Action item –
Only the closing portion of the entries is to be reproduced: the line containing "Coach Lorenzo Pearson" through the very last line, exactly as written.
Top of Provided information
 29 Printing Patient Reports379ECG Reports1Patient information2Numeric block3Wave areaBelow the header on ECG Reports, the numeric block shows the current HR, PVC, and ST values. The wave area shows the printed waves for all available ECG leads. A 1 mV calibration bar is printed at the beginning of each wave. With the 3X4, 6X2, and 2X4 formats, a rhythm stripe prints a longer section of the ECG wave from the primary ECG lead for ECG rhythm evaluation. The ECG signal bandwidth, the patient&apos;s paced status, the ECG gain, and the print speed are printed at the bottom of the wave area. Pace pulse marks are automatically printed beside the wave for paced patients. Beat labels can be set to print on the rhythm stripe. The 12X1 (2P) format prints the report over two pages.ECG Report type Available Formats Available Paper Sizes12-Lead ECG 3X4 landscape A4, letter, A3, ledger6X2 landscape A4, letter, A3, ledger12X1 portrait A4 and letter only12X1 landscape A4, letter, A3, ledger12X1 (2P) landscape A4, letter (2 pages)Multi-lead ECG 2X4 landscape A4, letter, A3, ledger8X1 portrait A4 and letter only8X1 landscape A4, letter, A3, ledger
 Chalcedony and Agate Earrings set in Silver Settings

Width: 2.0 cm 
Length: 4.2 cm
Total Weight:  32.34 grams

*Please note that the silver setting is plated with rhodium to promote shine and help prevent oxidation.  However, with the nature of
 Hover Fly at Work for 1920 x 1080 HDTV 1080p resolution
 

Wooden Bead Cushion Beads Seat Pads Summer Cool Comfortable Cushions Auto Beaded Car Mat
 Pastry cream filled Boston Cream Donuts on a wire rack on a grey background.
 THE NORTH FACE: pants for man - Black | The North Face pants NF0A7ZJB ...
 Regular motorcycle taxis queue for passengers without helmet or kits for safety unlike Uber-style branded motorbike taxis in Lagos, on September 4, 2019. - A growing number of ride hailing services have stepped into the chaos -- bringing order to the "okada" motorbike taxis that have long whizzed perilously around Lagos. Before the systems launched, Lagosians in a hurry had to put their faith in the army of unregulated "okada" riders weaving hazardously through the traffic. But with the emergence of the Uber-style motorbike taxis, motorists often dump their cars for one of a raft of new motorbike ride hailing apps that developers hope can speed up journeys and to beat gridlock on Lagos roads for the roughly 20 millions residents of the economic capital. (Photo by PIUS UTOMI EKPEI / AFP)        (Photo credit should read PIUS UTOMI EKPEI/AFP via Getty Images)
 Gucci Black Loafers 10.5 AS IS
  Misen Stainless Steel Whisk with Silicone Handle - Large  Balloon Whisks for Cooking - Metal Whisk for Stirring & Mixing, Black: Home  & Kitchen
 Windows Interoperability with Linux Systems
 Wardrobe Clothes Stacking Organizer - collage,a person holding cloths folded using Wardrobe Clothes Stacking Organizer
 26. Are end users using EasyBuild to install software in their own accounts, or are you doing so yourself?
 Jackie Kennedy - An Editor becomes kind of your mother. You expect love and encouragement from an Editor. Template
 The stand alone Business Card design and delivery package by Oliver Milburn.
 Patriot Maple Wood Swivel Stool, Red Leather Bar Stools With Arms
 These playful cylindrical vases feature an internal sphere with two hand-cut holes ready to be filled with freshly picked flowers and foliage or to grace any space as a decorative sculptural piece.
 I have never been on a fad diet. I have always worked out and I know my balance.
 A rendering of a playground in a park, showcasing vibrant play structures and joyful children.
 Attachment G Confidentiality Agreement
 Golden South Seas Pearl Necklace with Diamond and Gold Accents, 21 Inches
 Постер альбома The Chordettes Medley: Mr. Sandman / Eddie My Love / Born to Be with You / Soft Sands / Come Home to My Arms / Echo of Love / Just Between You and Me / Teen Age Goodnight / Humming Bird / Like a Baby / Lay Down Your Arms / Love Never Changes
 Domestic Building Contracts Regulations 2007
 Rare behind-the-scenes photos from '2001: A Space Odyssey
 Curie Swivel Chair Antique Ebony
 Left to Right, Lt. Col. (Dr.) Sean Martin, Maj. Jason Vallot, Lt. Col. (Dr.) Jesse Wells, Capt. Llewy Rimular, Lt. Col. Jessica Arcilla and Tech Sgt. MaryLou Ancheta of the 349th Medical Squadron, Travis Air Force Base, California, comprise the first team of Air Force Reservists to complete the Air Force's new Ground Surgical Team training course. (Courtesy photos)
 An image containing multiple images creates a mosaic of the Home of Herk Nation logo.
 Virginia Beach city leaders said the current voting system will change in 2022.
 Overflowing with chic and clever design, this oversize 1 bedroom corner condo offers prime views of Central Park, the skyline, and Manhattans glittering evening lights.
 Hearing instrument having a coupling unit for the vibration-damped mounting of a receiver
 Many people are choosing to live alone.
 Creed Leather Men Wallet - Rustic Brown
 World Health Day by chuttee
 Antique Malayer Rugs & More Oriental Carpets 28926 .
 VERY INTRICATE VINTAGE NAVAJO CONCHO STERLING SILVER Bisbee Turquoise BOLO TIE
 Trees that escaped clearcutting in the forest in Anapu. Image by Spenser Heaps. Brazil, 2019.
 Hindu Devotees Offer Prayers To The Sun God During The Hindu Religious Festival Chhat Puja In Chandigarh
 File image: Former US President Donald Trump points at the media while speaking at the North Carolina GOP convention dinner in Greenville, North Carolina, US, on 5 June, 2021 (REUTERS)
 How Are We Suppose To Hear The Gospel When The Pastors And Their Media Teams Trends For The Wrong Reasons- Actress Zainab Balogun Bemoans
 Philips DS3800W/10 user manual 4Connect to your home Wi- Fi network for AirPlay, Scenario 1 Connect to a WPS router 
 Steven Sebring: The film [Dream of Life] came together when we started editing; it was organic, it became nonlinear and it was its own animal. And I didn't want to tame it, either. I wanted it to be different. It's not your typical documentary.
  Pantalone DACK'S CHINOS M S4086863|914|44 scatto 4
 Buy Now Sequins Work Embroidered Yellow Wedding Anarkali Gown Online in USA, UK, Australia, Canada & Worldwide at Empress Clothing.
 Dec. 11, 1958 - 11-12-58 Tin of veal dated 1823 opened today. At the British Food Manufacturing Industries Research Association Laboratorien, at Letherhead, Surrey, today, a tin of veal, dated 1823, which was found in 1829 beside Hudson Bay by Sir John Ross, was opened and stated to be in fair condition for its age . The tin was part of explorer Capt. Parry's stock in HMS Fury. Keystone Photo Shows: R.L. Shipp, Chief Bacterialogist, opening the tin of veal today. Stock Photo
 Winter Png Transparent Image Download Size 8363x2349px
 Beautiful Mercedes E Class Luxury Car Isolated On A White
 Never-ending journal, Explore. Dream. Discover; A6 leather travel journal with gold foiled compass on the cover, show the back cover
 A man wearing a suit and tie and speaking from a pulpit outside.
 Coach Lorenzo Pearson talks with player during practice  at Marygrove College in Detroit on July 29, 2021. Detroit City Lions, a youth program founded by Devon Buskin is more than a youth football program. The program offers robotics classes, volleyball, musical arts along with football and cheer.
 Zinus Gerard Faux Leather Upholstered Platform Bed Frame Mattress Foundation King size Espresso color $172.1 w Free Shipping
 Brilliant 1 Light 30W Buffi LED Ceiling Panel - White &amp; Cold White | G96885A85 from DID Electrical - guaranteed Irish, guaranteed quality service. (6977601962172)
Bottom of Provided information
Answer to this problem –
 Coach Lorenzo Pearson talks with player during practice  at Marygrove College in Detroit on July 29, 2021. Detroit City Lions, a youth program founded by Devon Buskin is more than a youth football program. The program offers robotics classes, volleyball, musical arts along with football and cheer.
 Zinus Gerard Faux Leather Upholstered Platform Bed Frame Mattress Foundation King size Espresso color $172.1 w Free Shipping
 Brilliant 1 Light 30W Buffi LED Ceiling Panel - White &amp; Cold White | G96885A85 from DID Electrical - guaranteed Irish, guaranteed quality service. (6977601962172)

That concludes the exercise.